3.5 - R Scripts

1) Acquire Data
Diabetes data
The diabetes data set is taken from the UCI machine learning database repository at: https://archive.ics.uci.edu/ml/datasets/Pima+Indians+Diabetes.
- 768 samples in the dataset
- 8 quantitative variables
- 2 classes; with or without signs of diabetes
Save the data into your working directory for this course as "diabetes.data." Then load data into R as follows:
# set the working directory
setwd("C:/STAT 897D data mining")
# comma delimited data and no header for each variable
RawData <- read.table("diabetes.data",sep = ",",header=FALSE)

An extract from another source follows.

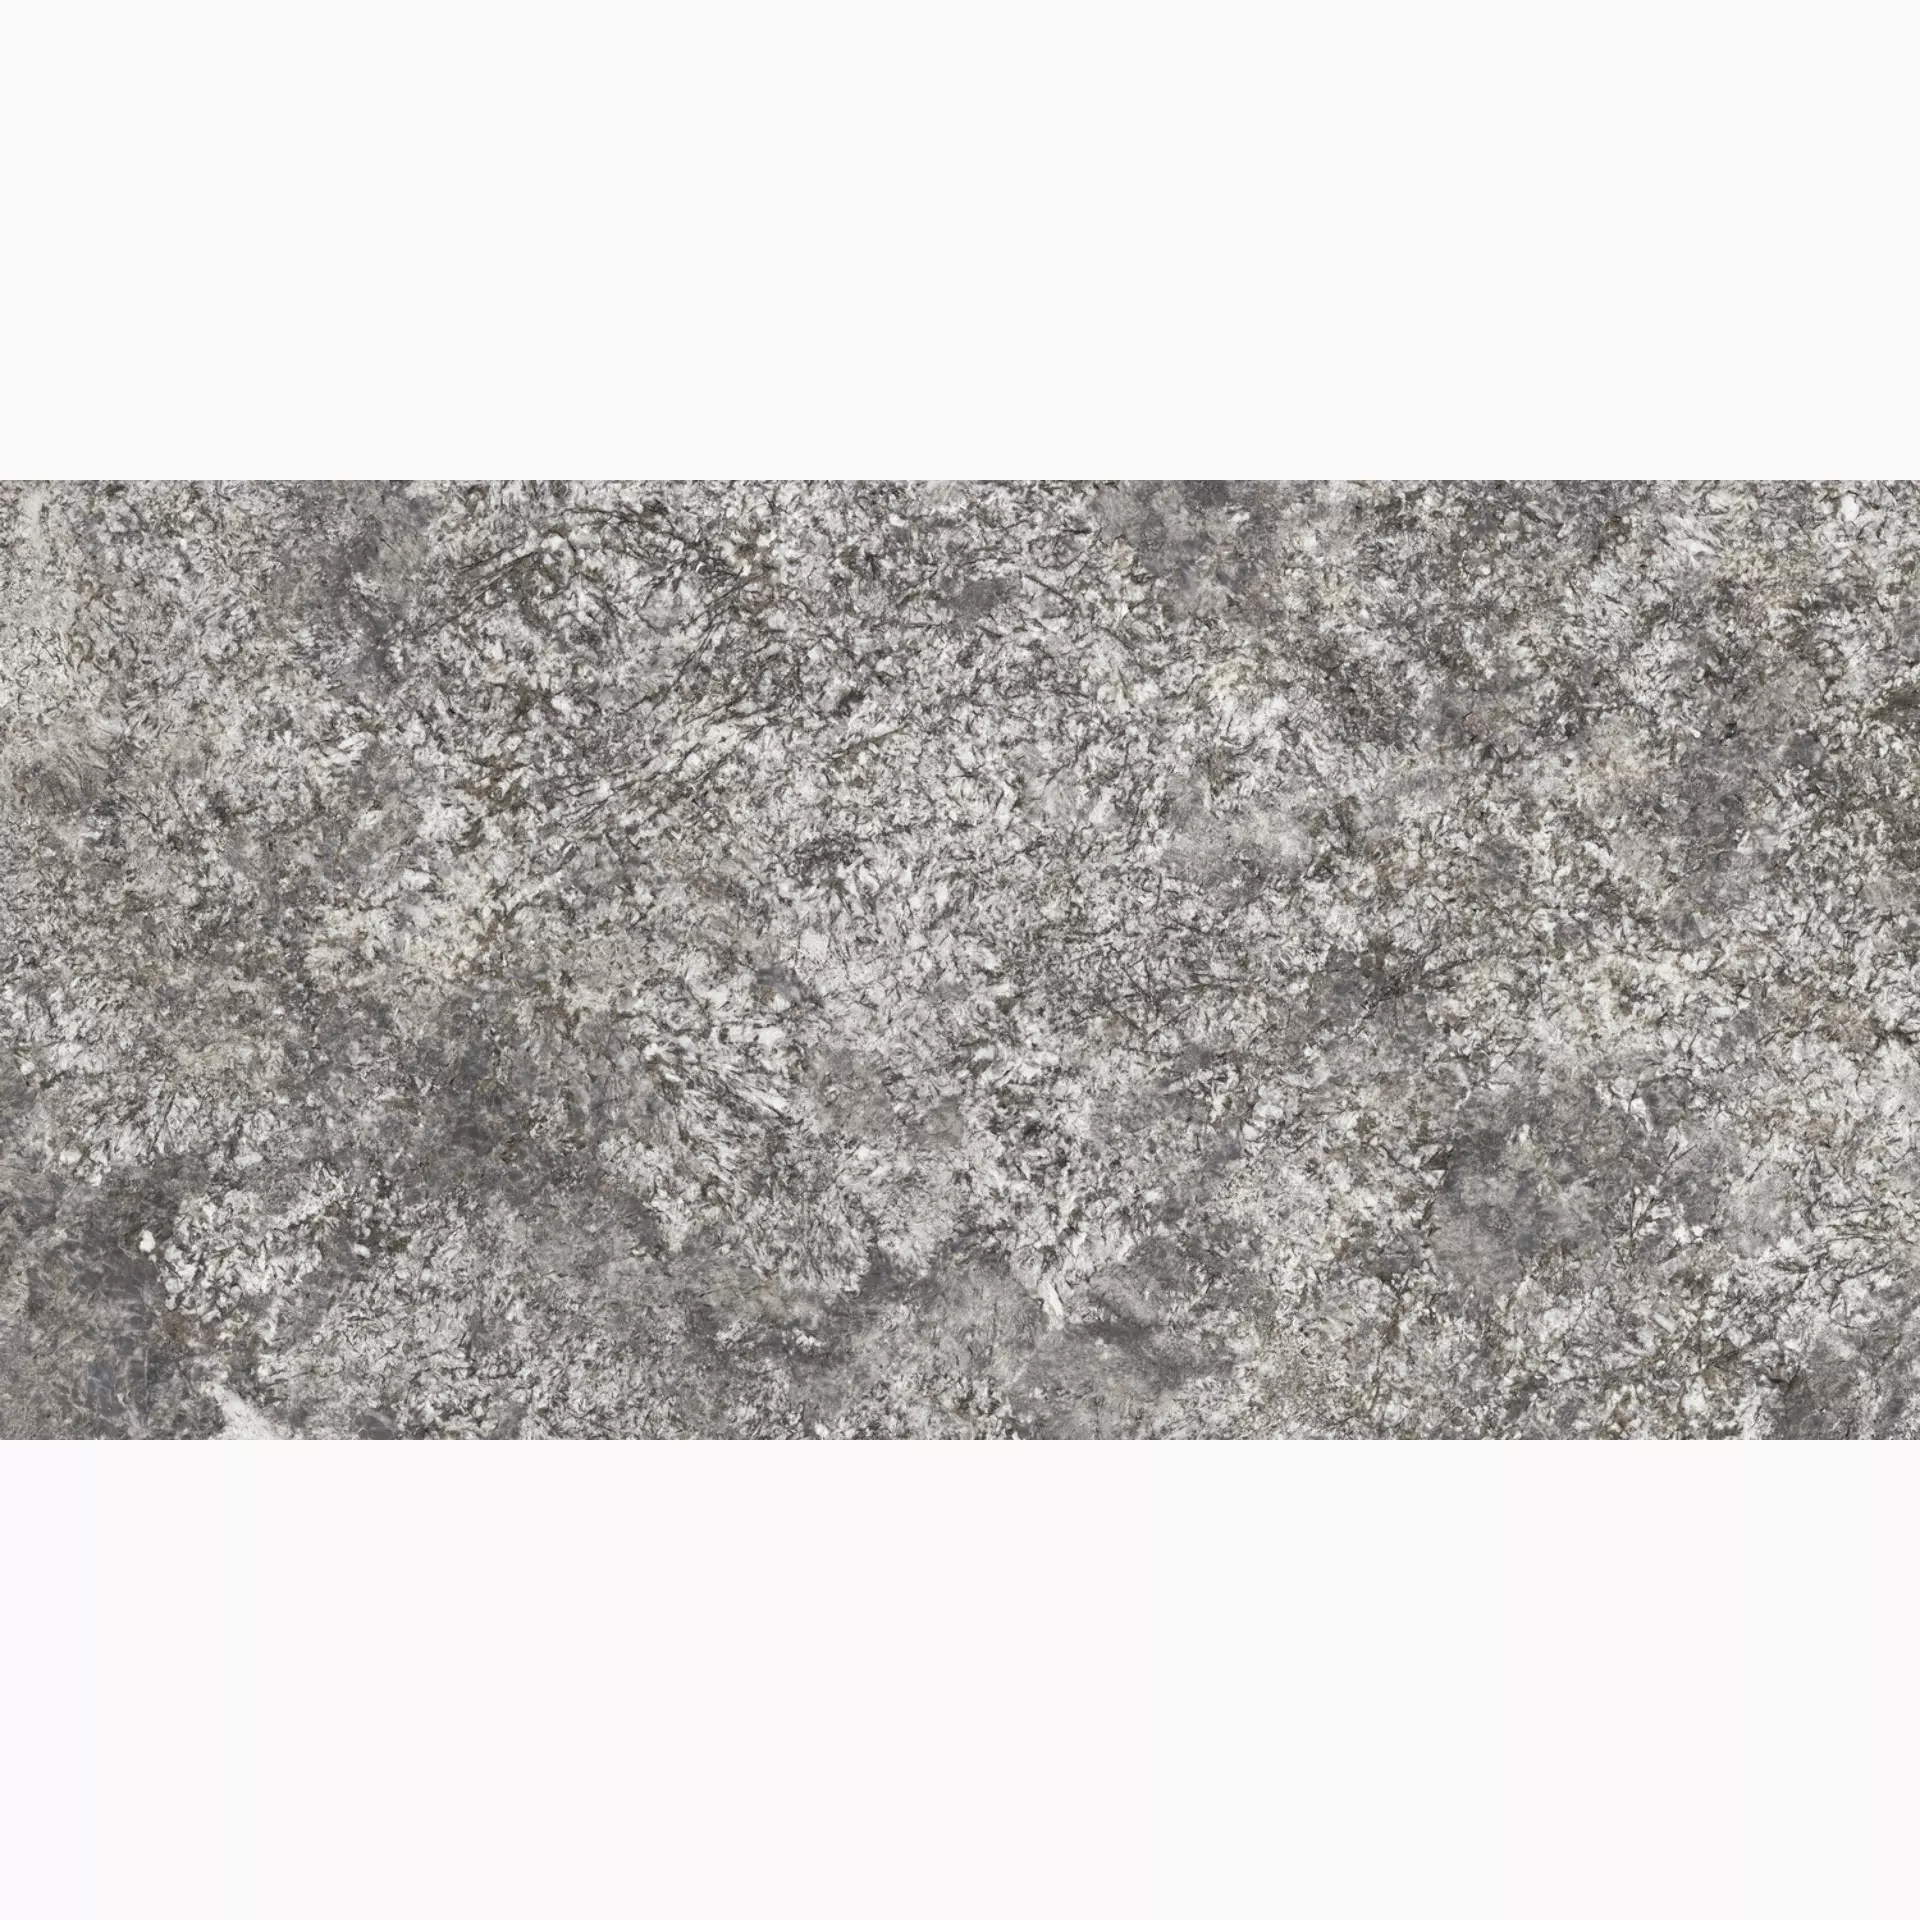 Maxfine Graniti Celeste Aran Lappato L175601MF6 75x150cm rectified 6mm

In RawData, the response variable is its last column; and the remaining columns are the predictor variables.
responseY <- RawData[,dim(RawData)[2]]
predictorX <- RawData[,1:(dim(RawData)[2]-1)]
2) Fitting a Linear Model
In order to fit linear regression models in R, lm can be used for linear models, which are specified symbolically. A typical model takes the form of response ~ predictors where response is the (numeric) response vector and predictors is a series of predictor variables.
Take the full model and the base model (no predictors used) as examples:
fullModel <- lm(responseY~predictorX[,1]+predictorX[,2]
+predictorX[,3]+predictorX[,4]+predictorX[,5]
+predictorX[,6]+predictorX[,7]+predictorX[,8])
baseModel <- lm(responseY~1)
For the full model, \$coefficients shows the least square estimation for \(\hat{\beta}\) and \$fitted.values are the fitted values for the response variable.
fullModel\$coefficients
fullModel\$fitted.values